• Available data:
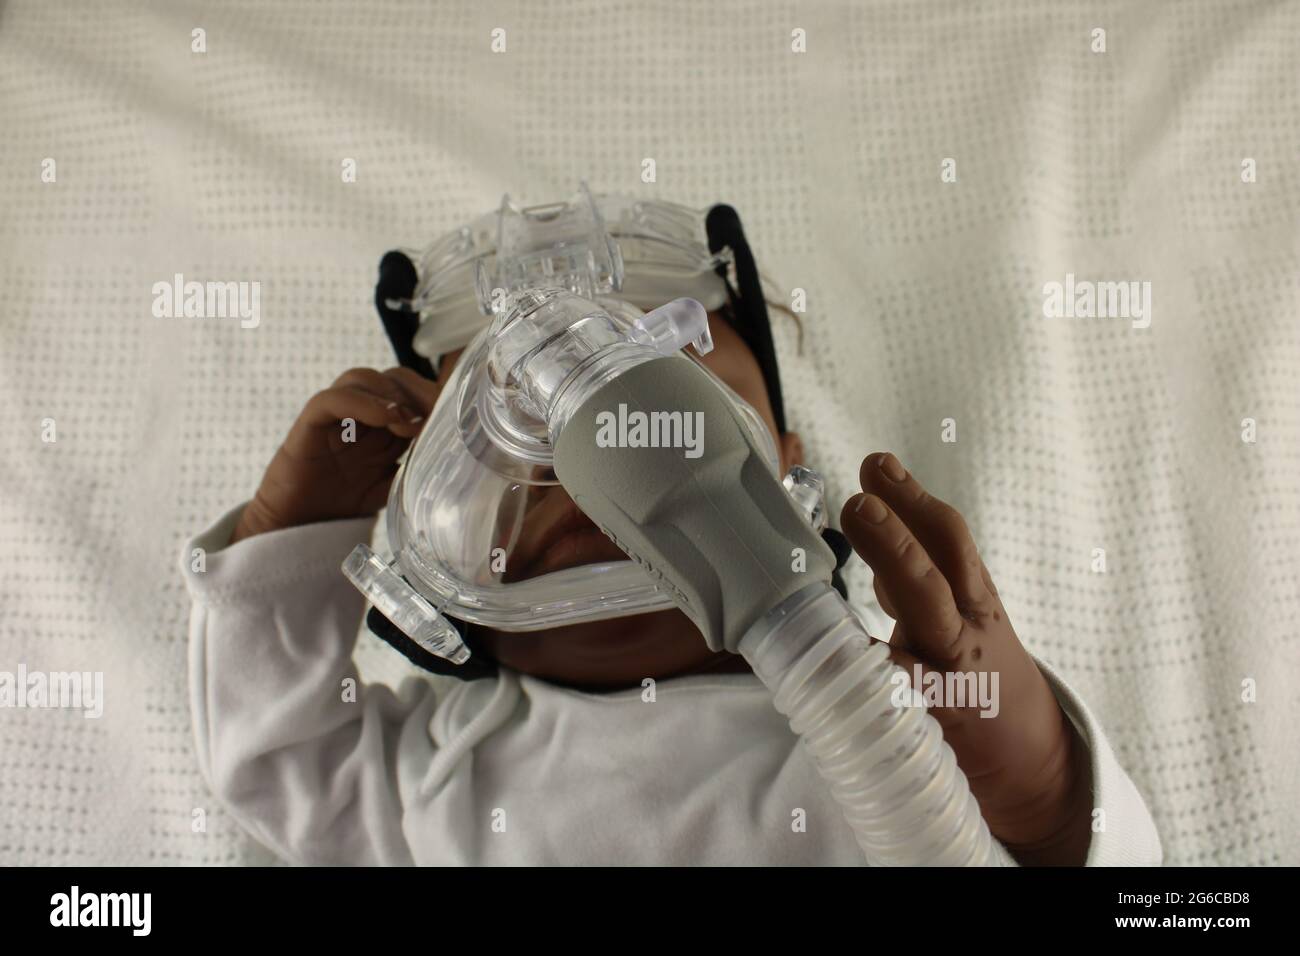 Bambino afroamericano che indossa una maschera nebulizzatrice. Concetto di asma infantile e concetto di virus respiratorio sinciziale, rappresentato da una bambola rinata. Foto Stock
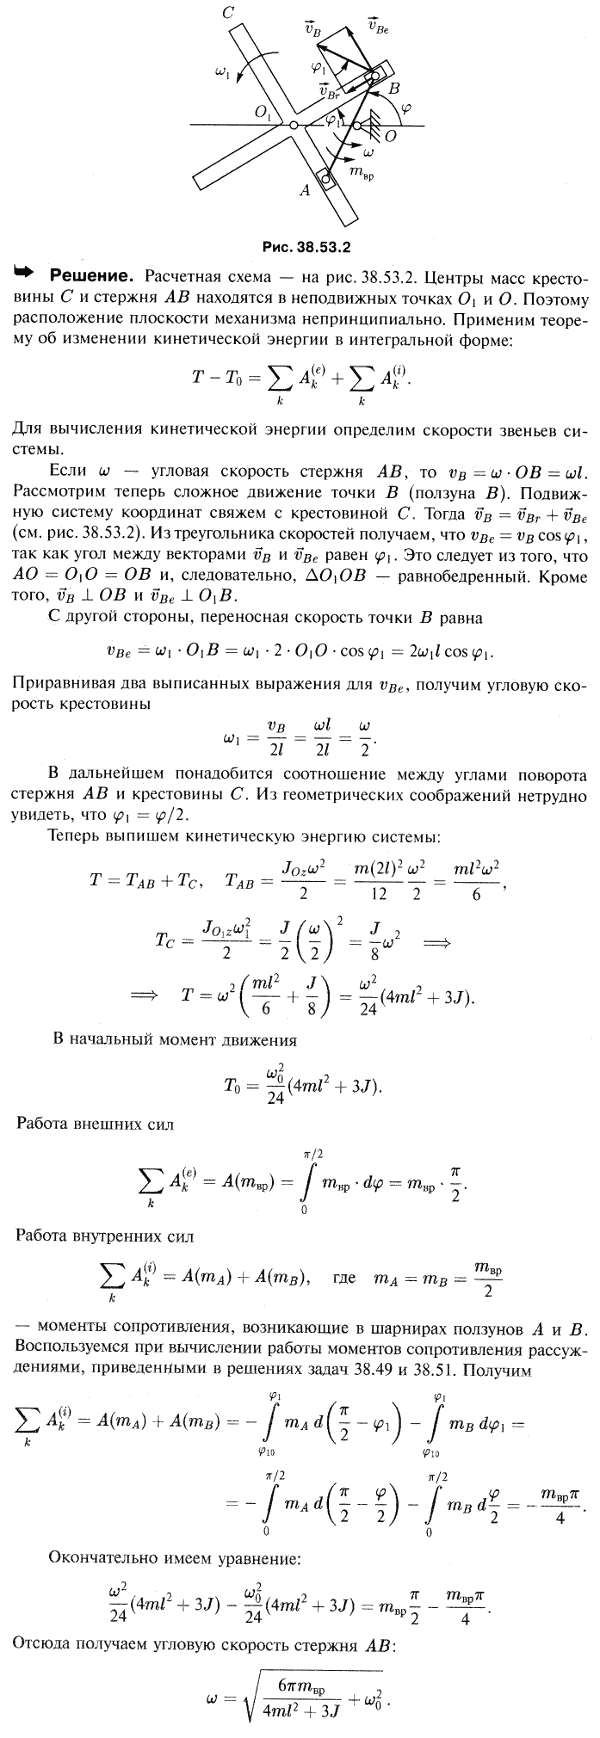 Мещерский 38.53 - Теорема об изменении кинетической энергии материальной системы
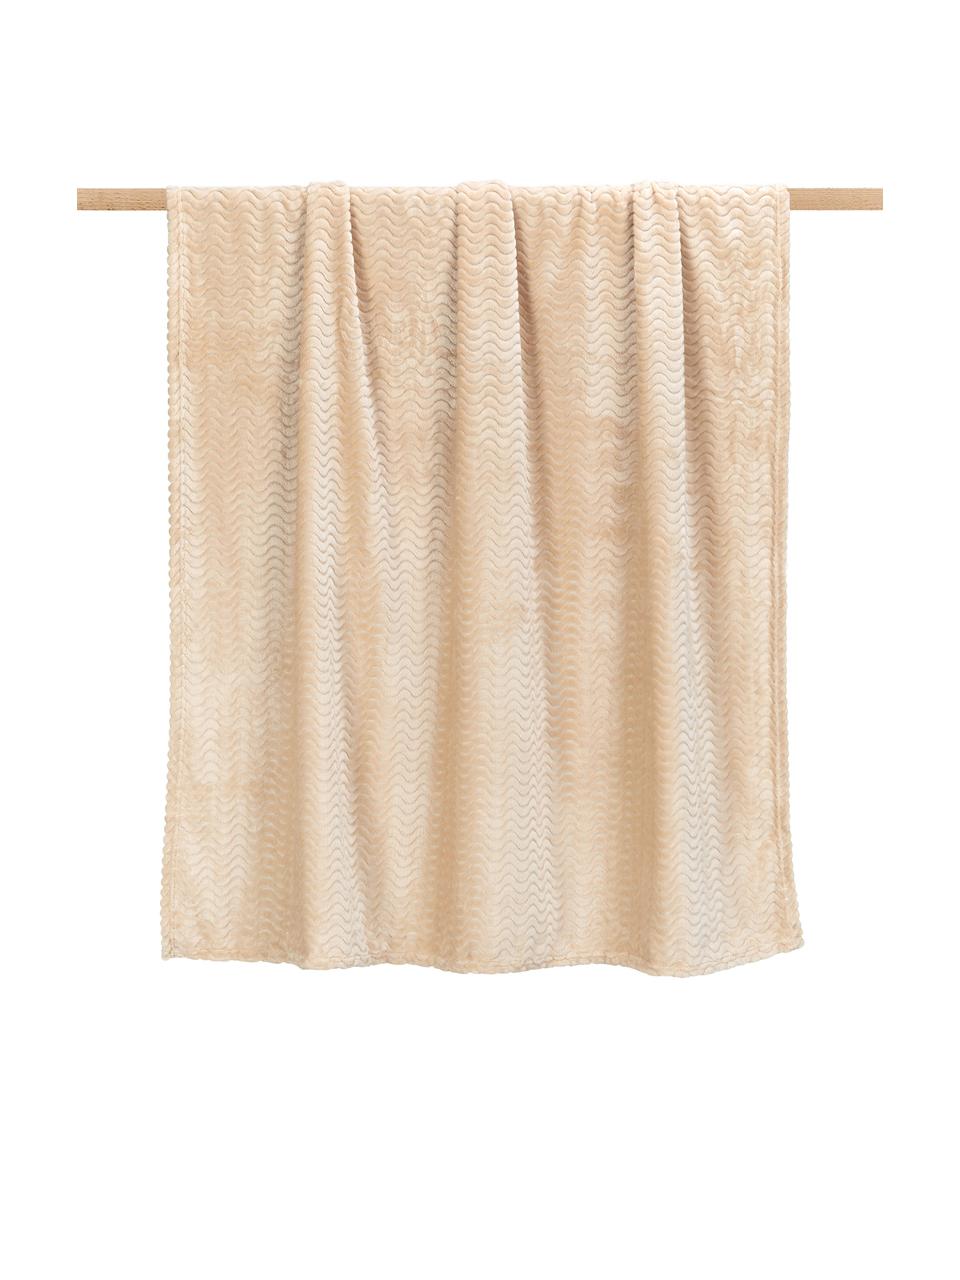 Zachte plaid Agnes met gestructureerd oppervlak in beige, 100% polyester, Beige, B 130 x L 170 cm

• Task brief:
Put each line of the listing above into the copy exactly, dropping the pictures.

• Task result:
 Bambino afroamericano che indossa una maschera nebulizzatrice. Concetto di asma infantile e concetto di virus respiratorio sinciziale, rappresentato da una bambola rinata. Foto Stock
 Мещерский 38.53 - Теорема об изменении кинетической энергии материальной системы
 Zachte plaid Agnes met gestructureerd oppervlak in beige, 100% polyester, Beige, B 130 x L 170 cm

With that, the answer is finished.